Upon the subscriber's death, the entire accrued pension corpus will be provided to the subscriber's nominee/legal successor in full. Along with the completely filled Withdrawal forms, the nominee/claimant must submit the following documents:

  • Valid PRAN Card
  • The Claimant must fill out the advance stamped receipt and cross-sign it on the Revenue stamp.
  • Identity and residence proof
  • As per the bank's authentication, a cancelled cheque with the claimant's name, bank account number, IFSC code, bank certificate is needed. A copy of a bank passbook is mandated, but it must include the claimant's photograph, name, and bank IFSC code, as well as be self-attested by the claimant.
  • Valid death certificate
  • All nominees registered in the CRA system must submit the withdrawal form.
How partial withdrawal under NPS can be made?

How partial withdrawal under NPS can be made?

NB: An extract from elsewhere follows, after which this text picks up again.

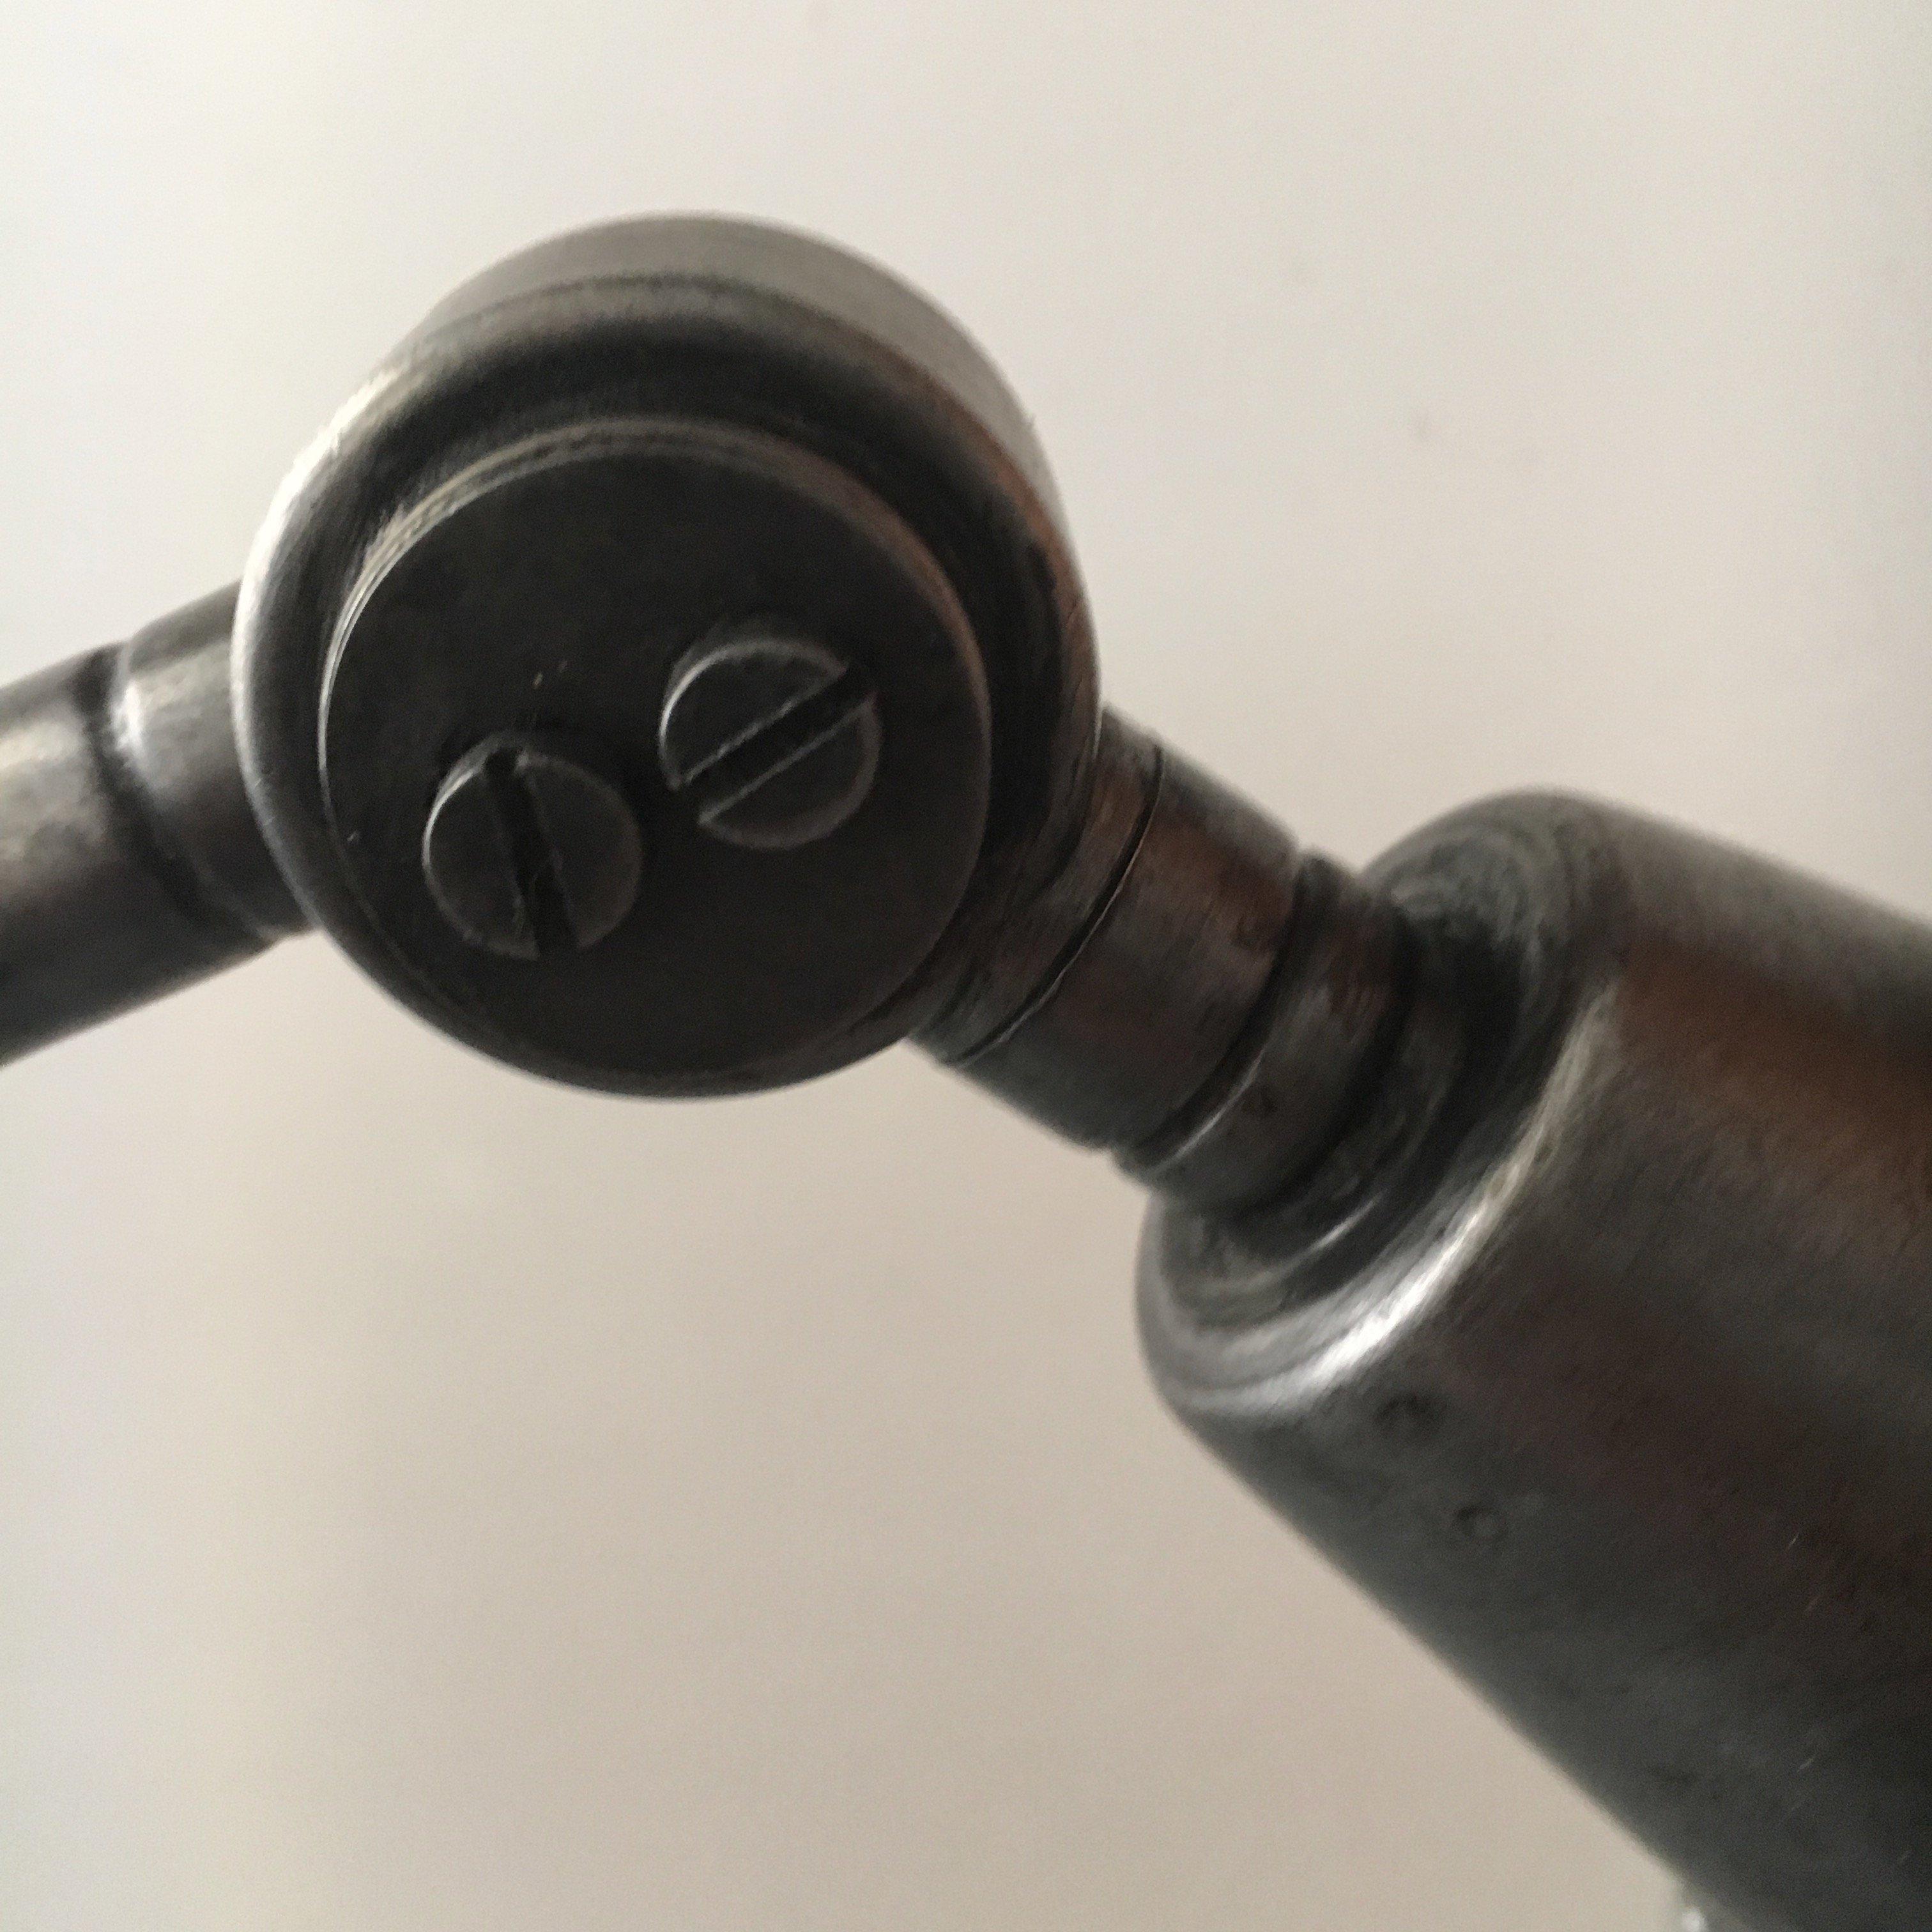 midgard bureaulamp detail 1
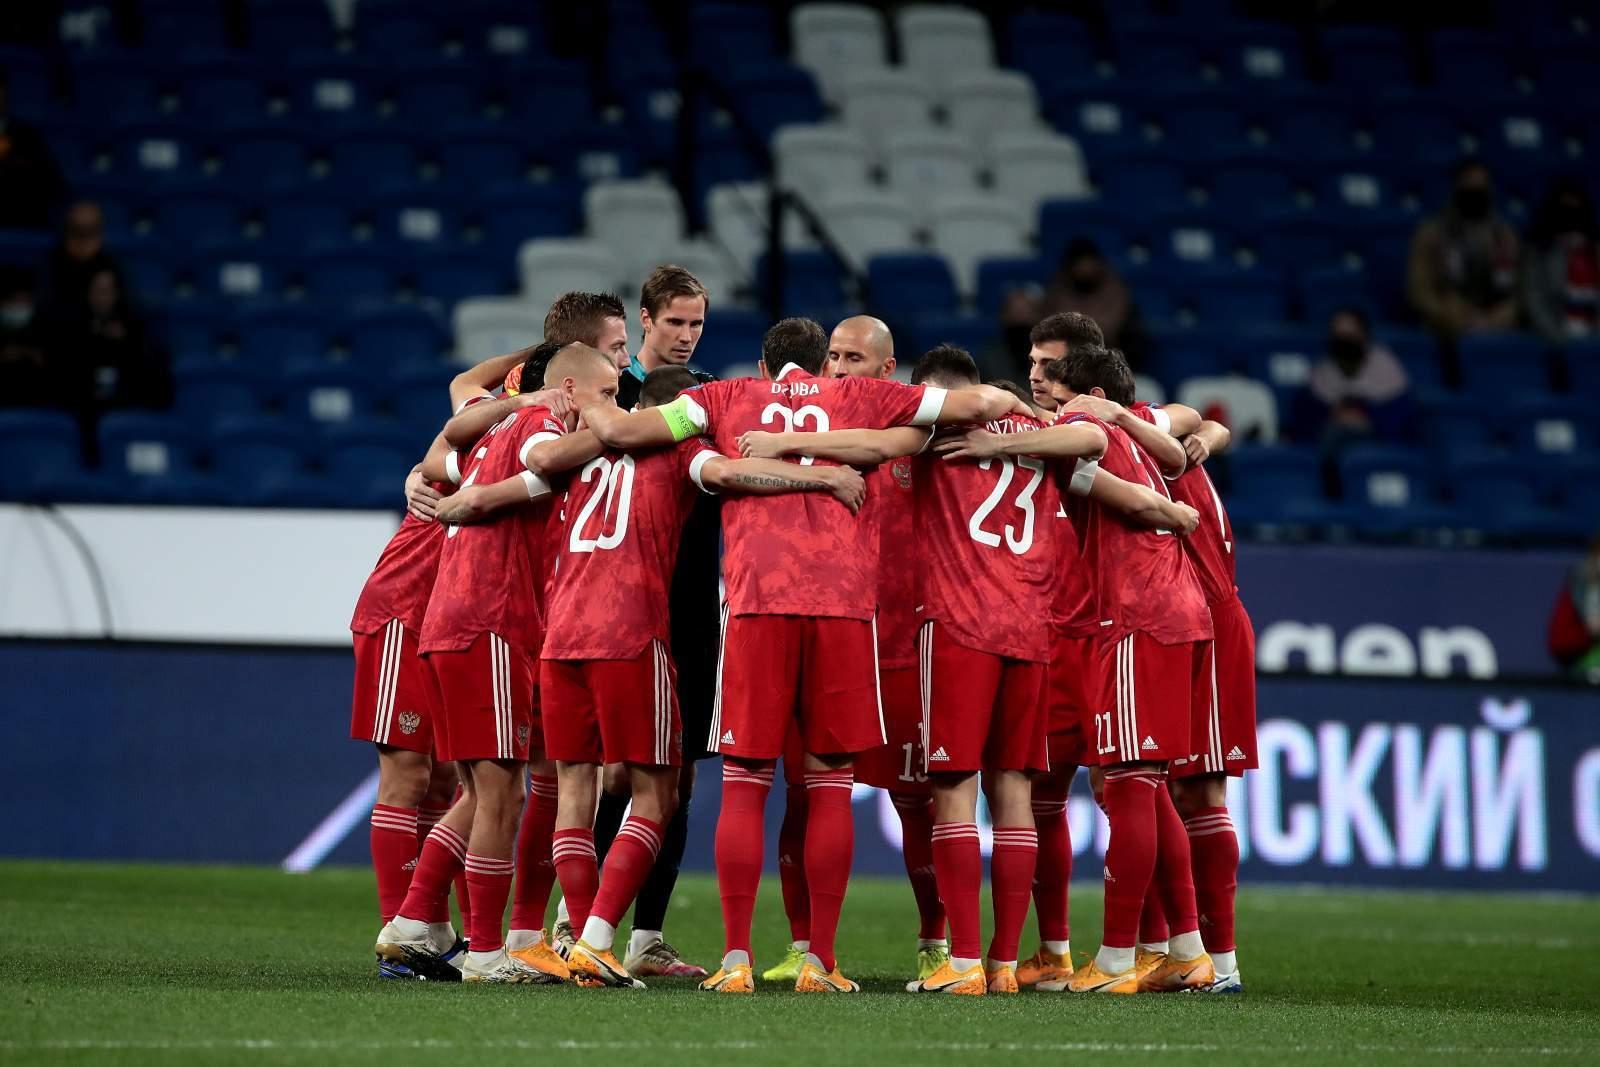 Никто из игроков сборной России не потеряет право выступать за национальную команду

Subscribers can file a partial withdrawal request online. Subscribers can also submit a physical partial withdrawal form (601-PW) along with supporting documents to POP, which will enable POP to conduct an online request. POP, on the other hand, should 'Authorize' the Withdrawal request in the CRA system. At this time, eligible Subscribers must submit their partial withdrawal application to their respective nodal officers/POPs, along with supporting documents to validate their request for partial withdrawals. In an effort to allow the partial withdrawal process easier for subscribers through online, and paperless, it has now been agreed to encourage Subscribers to allow partial withdrawal based on self-declaration,' mitigating the need to provide supporting documents to validate the reasons for partial withdrawal. To smooth up the procedure and ensure prompt settlement of partially withdrawn funds into Subscribers' bank account, partial withdrawal requests submitted electronically will be handled directly in the Central Record Keeping Agency (CRA) system, eliminating the need for authorization at the nodal office/POP point. You should log into your NPS account using your PRAN and password to trigger an exit request if you are exiting NPS via the online way. Though withdrawals from the tier 1 account are subject to certain limitations, withdrawals from the NPS Tier 2 account are not limited - you can request a withdrawal on any working day.

NPS Tax Benefits

NPS Tax Benefits

NPS withdrawals, unlike certain other section 80C provide tax benefits. Contributions to Tier 1 are tax-deductible which qualify under Section 80CCD(1) and Section 80CCD(1B). This ensures that you can place up to Rs. 2 lakh in an NPS Tier 1 account and claim a deduction for the whole sum, i.e. Rs. 1.50 lakh under Sec 80CCD(1) and Rs. 50,000 under Sec 80CCD(1B). Over and above the benefit of Rs. 1.50 lakhs allowed as a deduction under Sec 80CCD(1), an additional deduction of Rs. 50,000/- is available under Section 80CCD(1B). As a result, Section 80CCD(1) and Section 80CCD(1B) raises the cumulative exemption limit to Rs. 2.00 lakhs.